Мария не хотела, чтобы Колин разговаривал с Кеном или даже приближался к нему – ради блага самого Колина. И он понимал почему: Кен был опытным адвокатом. Одной убедительной угрозы хватило бы, чтобы Колин оказался за решеткой. Он не сомневался, что Марголис и местные присяжные об этом позаботятся.

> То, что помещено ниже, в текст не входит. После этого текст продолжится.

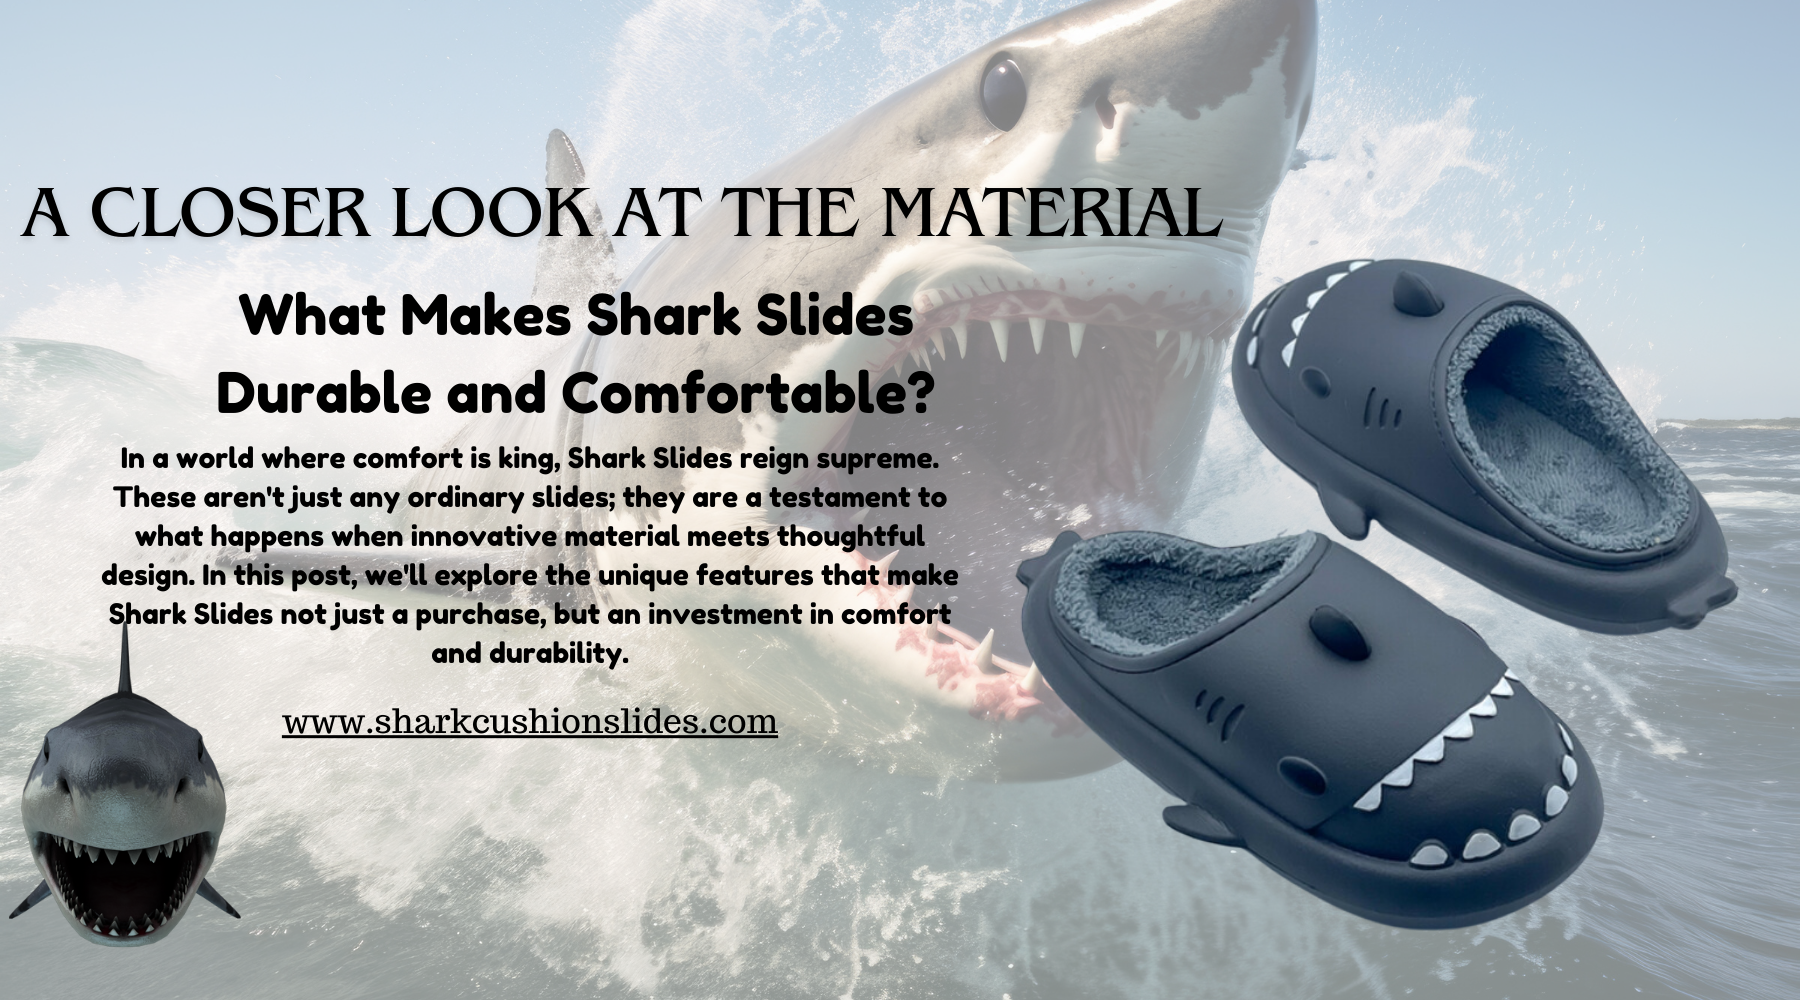 A Closer Look at the Material: What Makes Shark Slides Durable and Comfortable?

Ситуация казалась еще более запутанной, чем несколько часов назад. Открытка, а теперь и букет, который подсунули в машину, выглядели как угроза. В этом ощущалось нечто личное. Хотя Кен с трудом контролировал свое либидо, и Мария видела, как он стоял у окна, остальное не складывалось. Какой смысл был посылать открытку? И откуда Кен знал, что Мария решит сразу же выбросить цветы? А если Кен намеревался подложить их в машину, зачем он продолжал стоять у окна? Ведь Мария непременно заподозрила бы его. И Кен наверняка знал, что если он напугает Марию, то она, скорее всего, доложит о его домогательствах. А вдруг какой-нибудь другой сотрудник заметил бы, как он доставал розы из мусорного бака и клал в машину Марии? Ведь в большинстве кабинетов были окна. Пошел бы Кен на такой риск?

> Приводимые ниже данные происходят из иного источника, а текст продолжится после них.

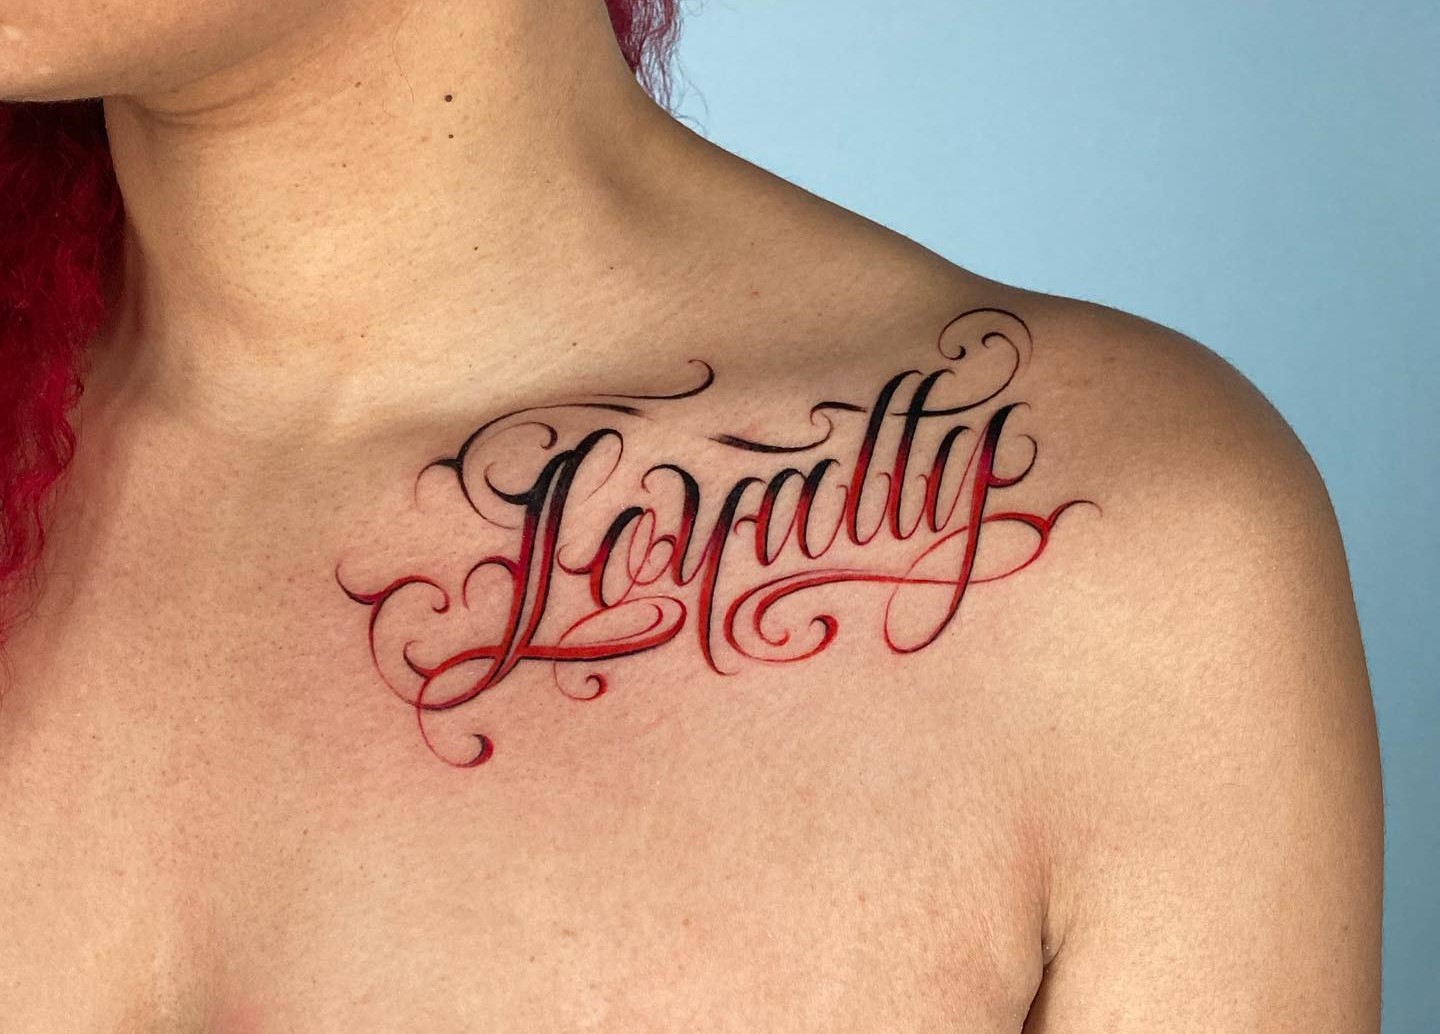 27 Best Cursive Tattoo Fonts for Stylish Lettering

И что все это значило? Если за историей с букетом стоял Кен, значит, у него отказали тормоза, и он стремительно мчался к пропасти, явно не в состоянии трезво мыслить.

А если это не Кен?

Этот вопрос очень беспокоил Колина.

Когда Мария проснулась поутру, Колин предложил проводить ее на работу, но девушка отказалась. Только по пути домой он понял, что волнуется ничуть не меньше, чем Мария накануне вечером. Даже злится. Едва добравшись до дома, Колин надел спортивную одежду и отправился на пробежку, включив музыку на полную громкость, и бегал, пока не выдохся. Когда гнев наконец остыл в нем, Колин ощутил некоторую ясность.

Он выполнит просьбу Марии и будет держаться подальше от Кена. Но это же не значит, что он должен просто сидеть и ничего не делать.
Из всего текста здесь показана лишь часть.